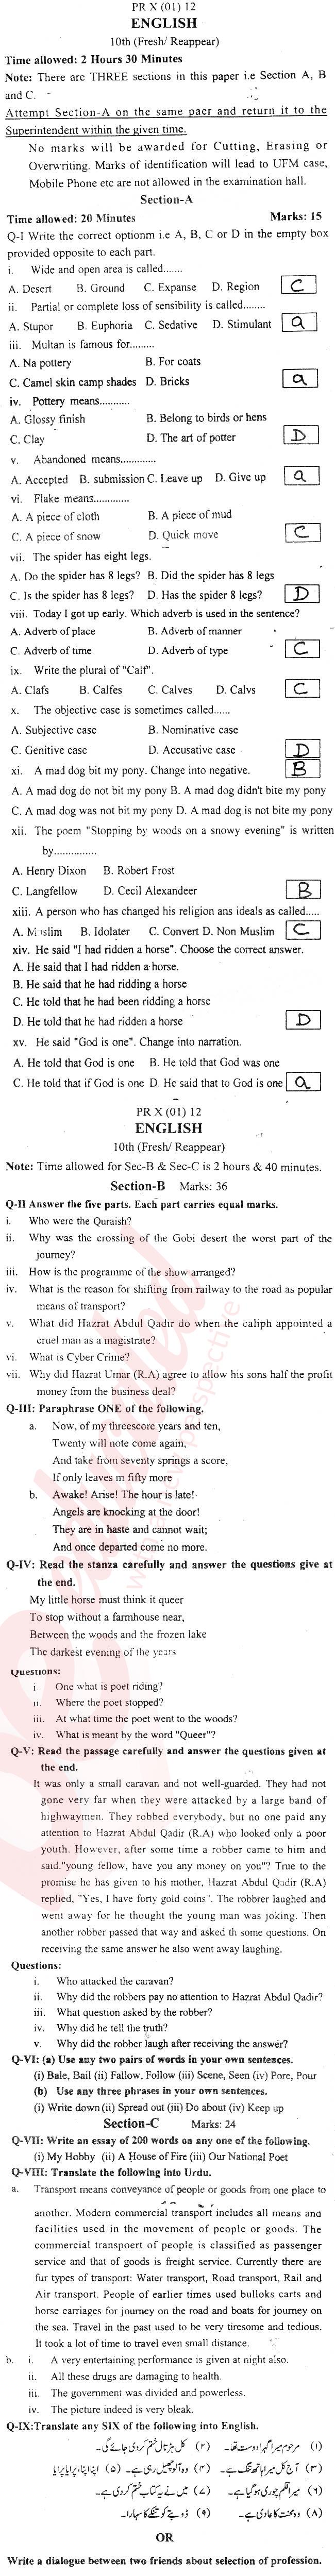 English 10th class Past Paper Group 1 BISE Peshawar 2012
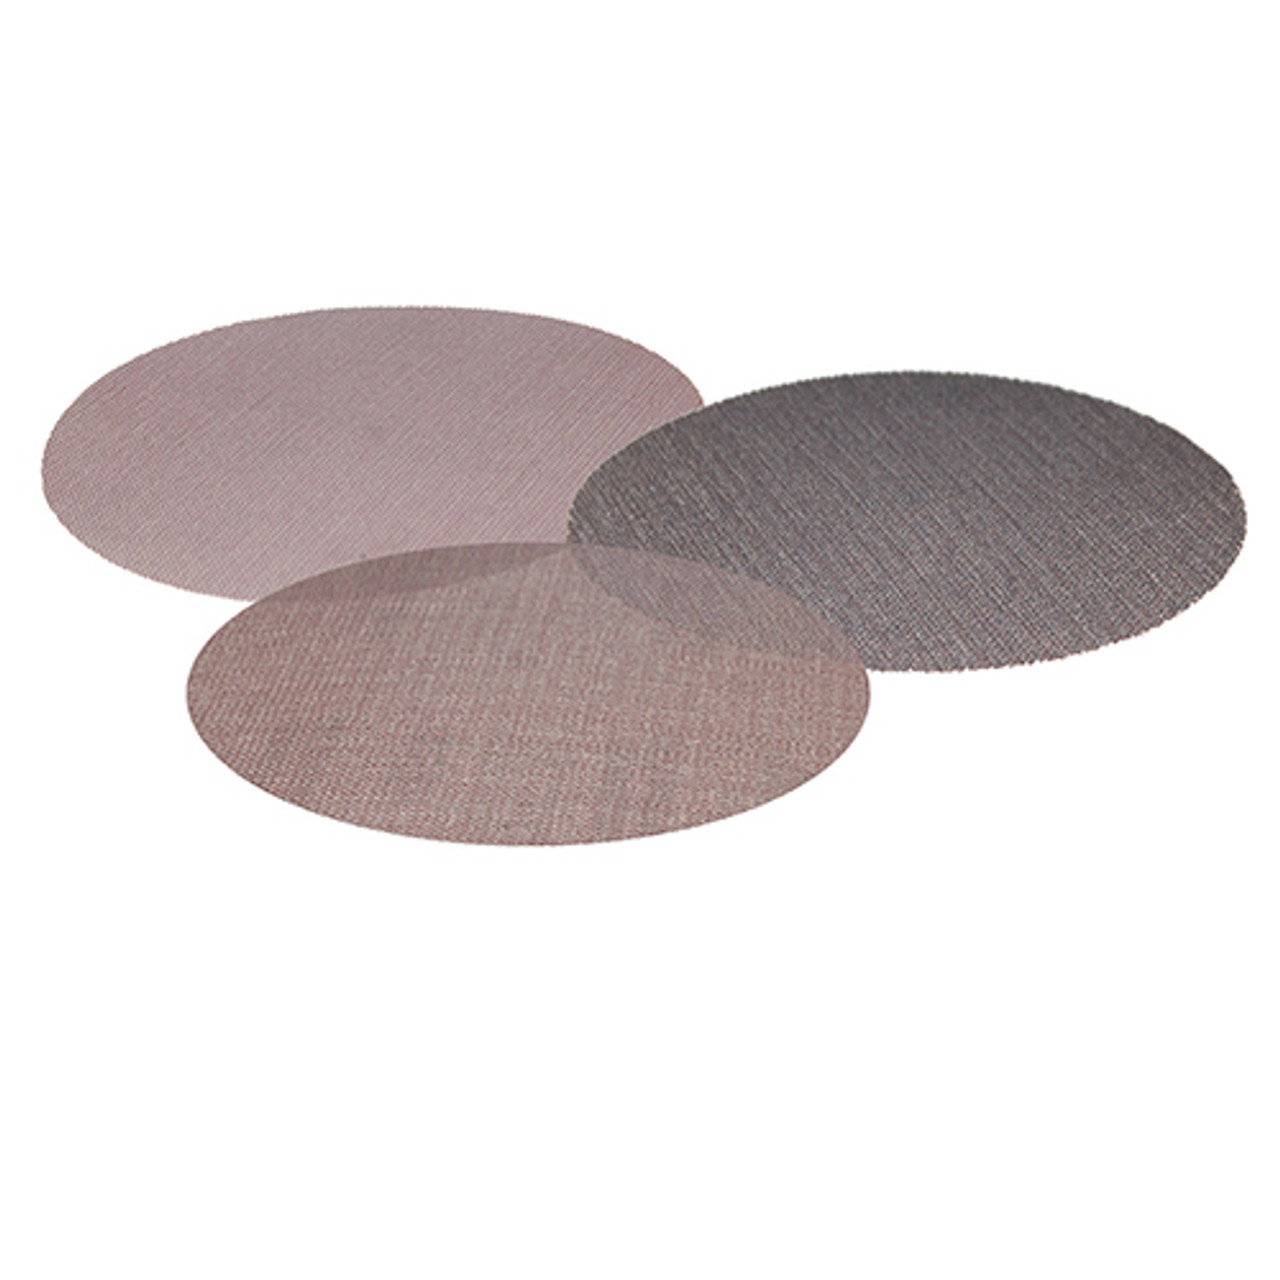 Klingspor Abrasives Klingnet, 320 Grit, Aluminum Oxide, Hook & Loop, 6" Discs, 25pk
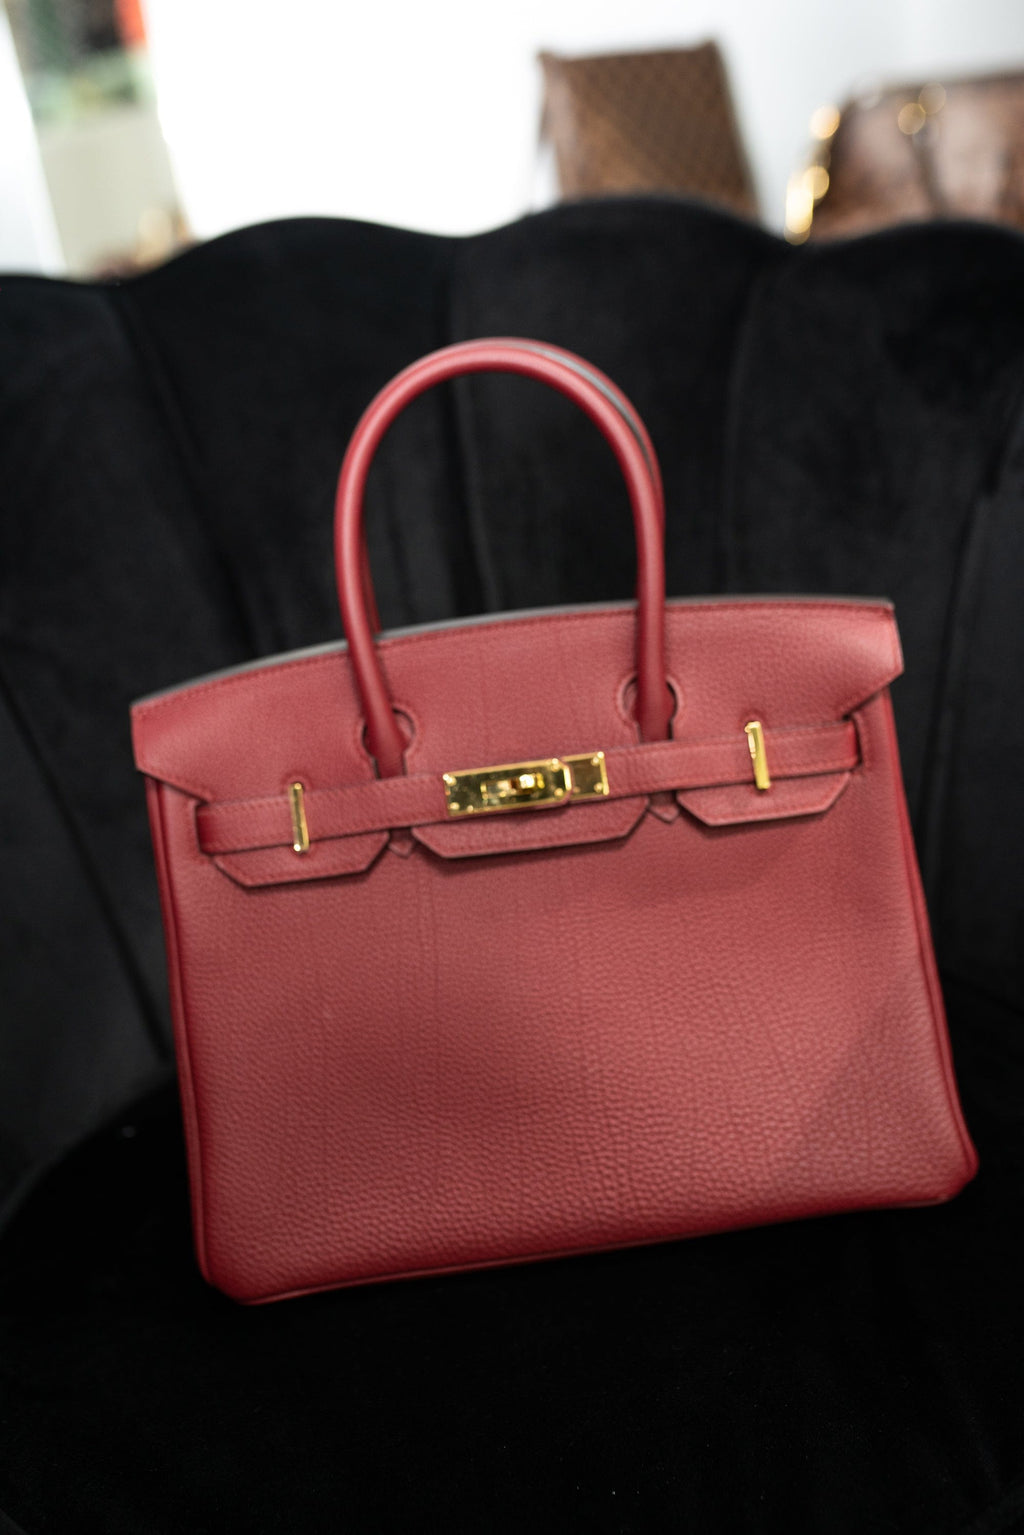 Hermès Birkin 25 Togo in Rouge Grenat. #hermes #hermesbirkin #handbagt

[YOUR OBJECTIVE] Retype all of the listing word for word and skip the pictures.

[ANSWER TO THE PROBLEM]
 English 10th class Past Paper Group 1 BISE Peshawar 2012
 Klingspor Abrasives Klingnet, 320 Grit, Aluminum Oxide, Hook & Loop, 6" Discs, 25pk
 Hermès Birkin 25 Togo in Rouge Grenat. #hermes #hermesbirkin #handbagt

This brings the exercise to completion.